- Genre: Comedy
- Written by: Matt Morgan
- Directed by: Andrew Chaplin
- Starring: Spencer Jones; Lucy Pearman; Shaun Williamson;
- Country of origin: United Kingdom
- Original language: English

Production
- Producers: Emily Shapland; Chris Sussman; Richard Webb;
- Running time: 30 minutes

Original release
- Network: BBC
- Release: 25 March – 29 April 2020

= Mister Winner =

British sitcom

Mister Winner is a British sitcom created for the BBC starring Spencer Jones, Lucy Pearman and Shaun Williamson. It was written by Matt Morgan, with additional material provided by Jones.
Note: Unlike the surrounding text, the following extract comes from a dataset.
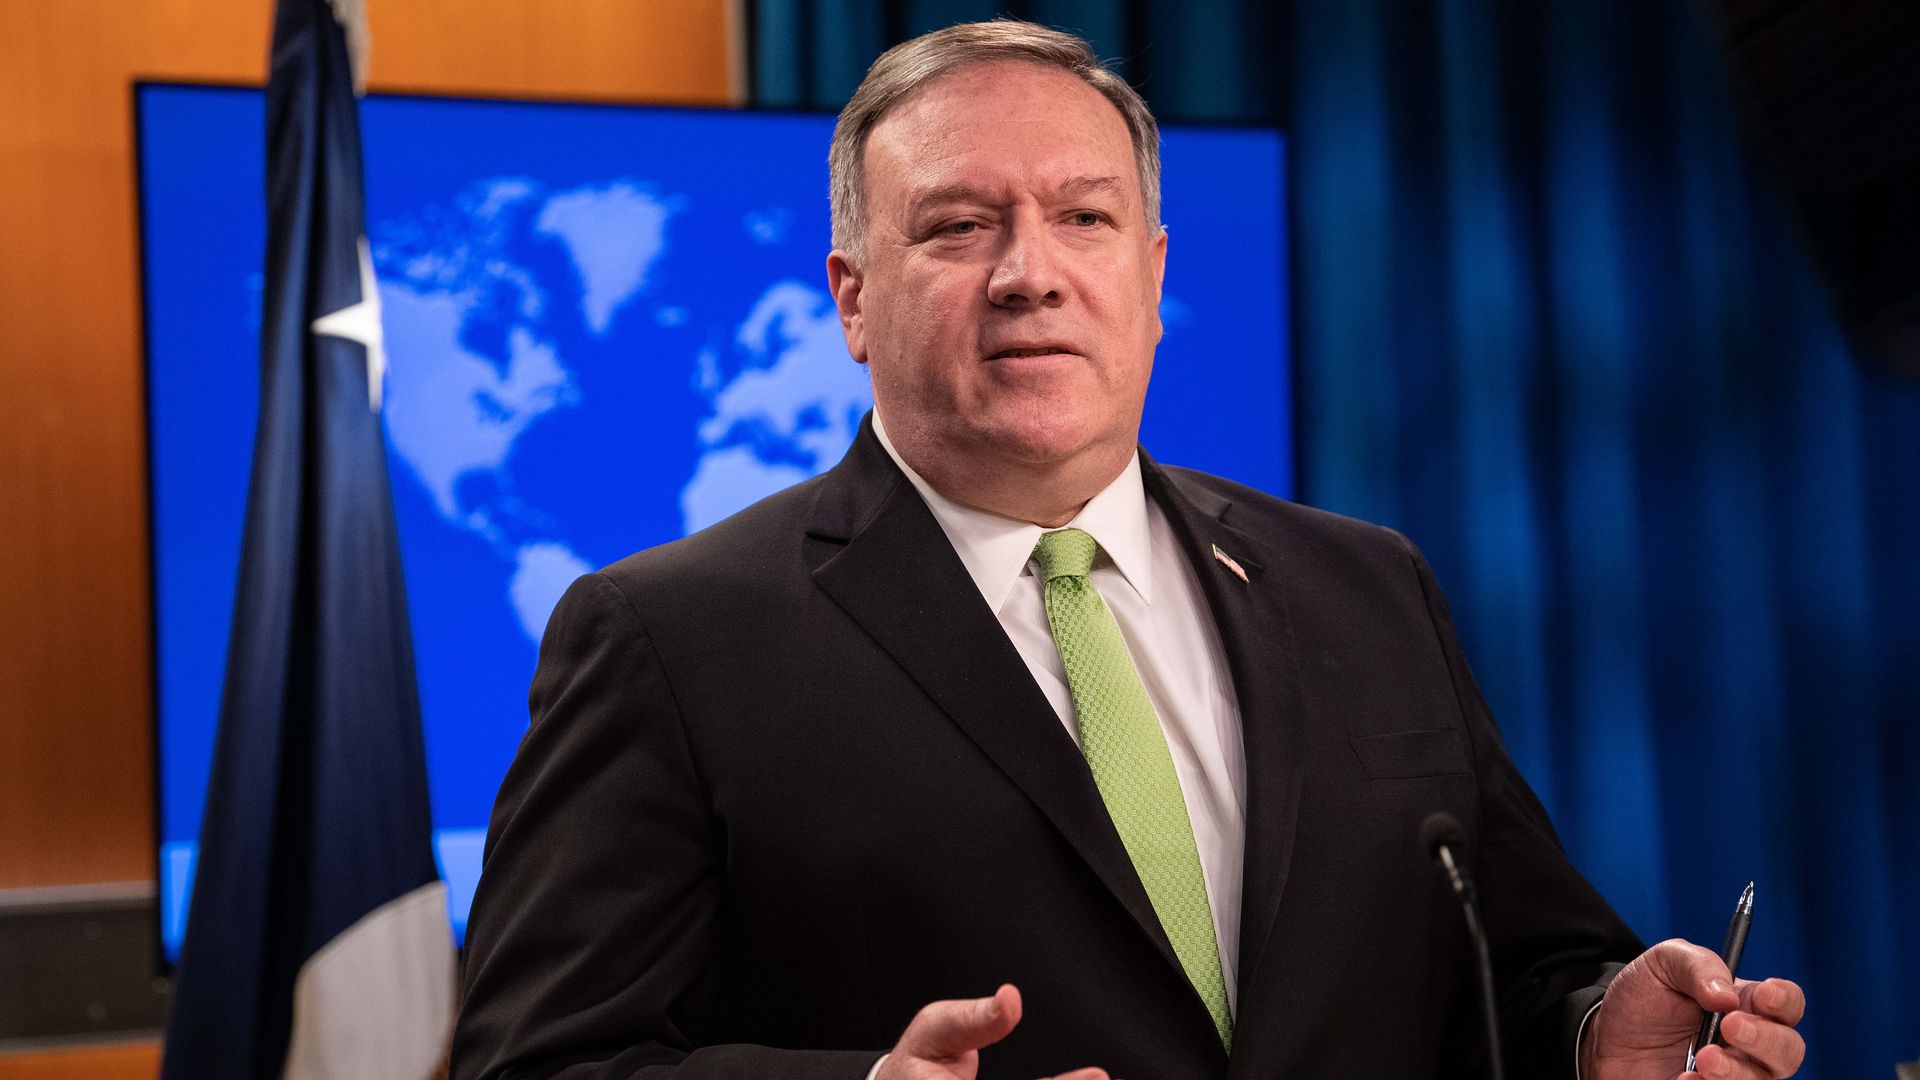 In this image, Pompeo stands in front of a flag and map

A 6-episode season was broadcast in the spring of 2020 following its 2017 pilot.

== Cast ==
- Spencer Jones as Leslie Winner
- Lucy Pearman as Jemma Smith
- Shaun Williamson as Chris Smith
- Leon Annor as Cooper
- Oliver Maltman as Steve

== Episodes ==

| No. | Title | Directed by | Original release date |
|---|---|---|---|
| 1 | "The Piano" | Andrew Chaplin | March 25, 2020 |
| 2 | "The Decorating Job" | Andrew Chaplin | April 1, 2020 |
| 3 | "The Interview" | Andrew Chaplin | April 8, 2020 |
| 4 | "The Package" | Andrew Chaplin | April 15, 2020 |
| 5 | "The Stag Do" | Andrew Chaplin | April 22, 2020 |
| 6 | "The Wedding" | Andrew Chaplin | April 29, 2020 |

== Reception ==
Anita Singh of The Telegraph welcomed the gentleness of the show amid the COVID-19 pandemic. The Independent's Rupert Hawksley praised Jones' performance, but noted that the 10pm weeknight slot harmed a programme comparable to Mr. Bean. Both awarded the show a 3 star review.